W górnej części Studni za Próbą (fot. M. Golicz)
Chyba na tym samym uskoku, ale jednak 90 metrów dalej, otwarła się nam też „Studnia za Próbą”. W niej zjechaliśmy 100 metrów, a do dna zabrakło jeszcze ze 20 metrów liny. Ale kombinując usilnie na tym, co mieliśmy ze sobą, zrobiliśmy wahadło… i spotkała nas miła niespodzianka! Pod kątem prostym, na zachód, odchodzi od uskoku nowo odkryty korytarz „Ora et Labora” o przekroju 8×4 m.
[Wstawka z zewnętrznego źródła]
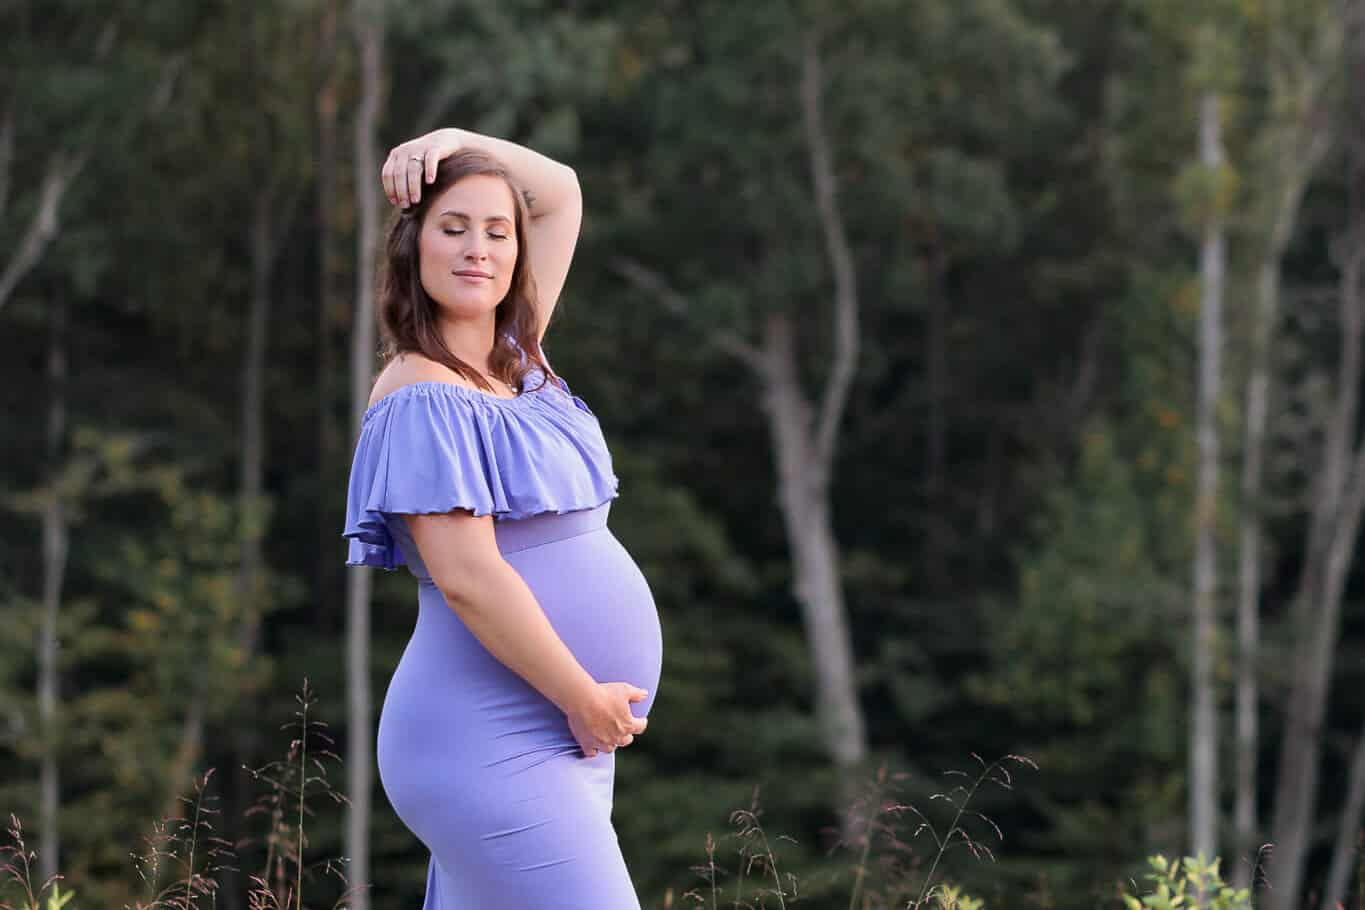 A blog about prenatal yoga Northern Virginia featuring a beautiful mother-to-be posing in the woods.

W nim nad niewielkim, ale jednak stanowczo pionowym progiem zatrzymał nas już ostateczny brak sprzętu.
Próg w „Ora et Labora” – fot. M. Golicz
Uskok „Maigangów” badaliśmy też z powierzchni, odwiedzając Einsamerkar. W ciągu trzech dni opatentowaliśmy kolejną wersję dojścia do tej doliny zawieszonej, tym razem względnie osłoniętą. Wydaje nam się, że w nowym wariancie możemy zostawić na zimę poręczówki. A jest ich niemało – aby dotrzeć 380 metrów od bazy zużyliśmy około 400 metrów liny. Na linii uskoku namierzyliśmy dwie do tej pory nieznane jaskinie i zamierzamy je badać za rok.
Nowa droga do Einsamerkaru (fot. M. Golicz)
Bliżej bazy, działając w odległości może dwudziestu minut od dolnego otworu „Gruberki”, odgruzowaliśmy jeszcze pewien ciekawy korytarzyk z przewiewem. Za nim odkryliśmy jakieś 120 metrów „Gangów Żebraków”, ale niestety prawdopodobnie kierujących się do powierzchni. Odbył się też jeden biwak w Gamssteighöhle, na którym kontynuowaliśmy zjazd studnią Mopsen-Klopsen, startując z głębokości -400 m. Ta studnia bardzo chce nas prowadzić głębiej w masyw, ale niestety drugi biwak musiał zostać odwołany z powodu splotu różnych kontuzji i na konkretne rezultaty również trzeba będzie poczekać.
Pomiary w Gangach Żebraków (fot. M. Golicz)
Łącznie odkryliśmy i udokumentowaliśmy 1131 m nowych partii w Gruberhornhöhle oraz 51 m w Gamssteighöhle. Akcja górska miała miejsce w pierwszych trzech tygodniach sierpnia, a udział wzięli: Mateusz Golicz (RKG „Nocek”, kierownik wyprawy), z WKTJ: Aleksandra Skowrońska-Golicz i Kacper Cieślawski, z KKS: Dariusz Mazur, Anna Atraszkiewicz, Jacek Szczygieł, Miłosz Dryjański; Marta Walczewska (Sopocki KTJ) oraz Izabela Pałygiewicz (Speleoklub Warszawski). Dziękujemy za wsparcie finansowe z budżetu Komisji Taternictwa Jaskiniowego PZA, a także kolegom i koleżankom z Landesverein für Höhlenkunde in Salzburg za dużą pomoc organizacyjną oraz udostępnienie nam klubowego lokalu jako tymczasowej bazy i magazynu.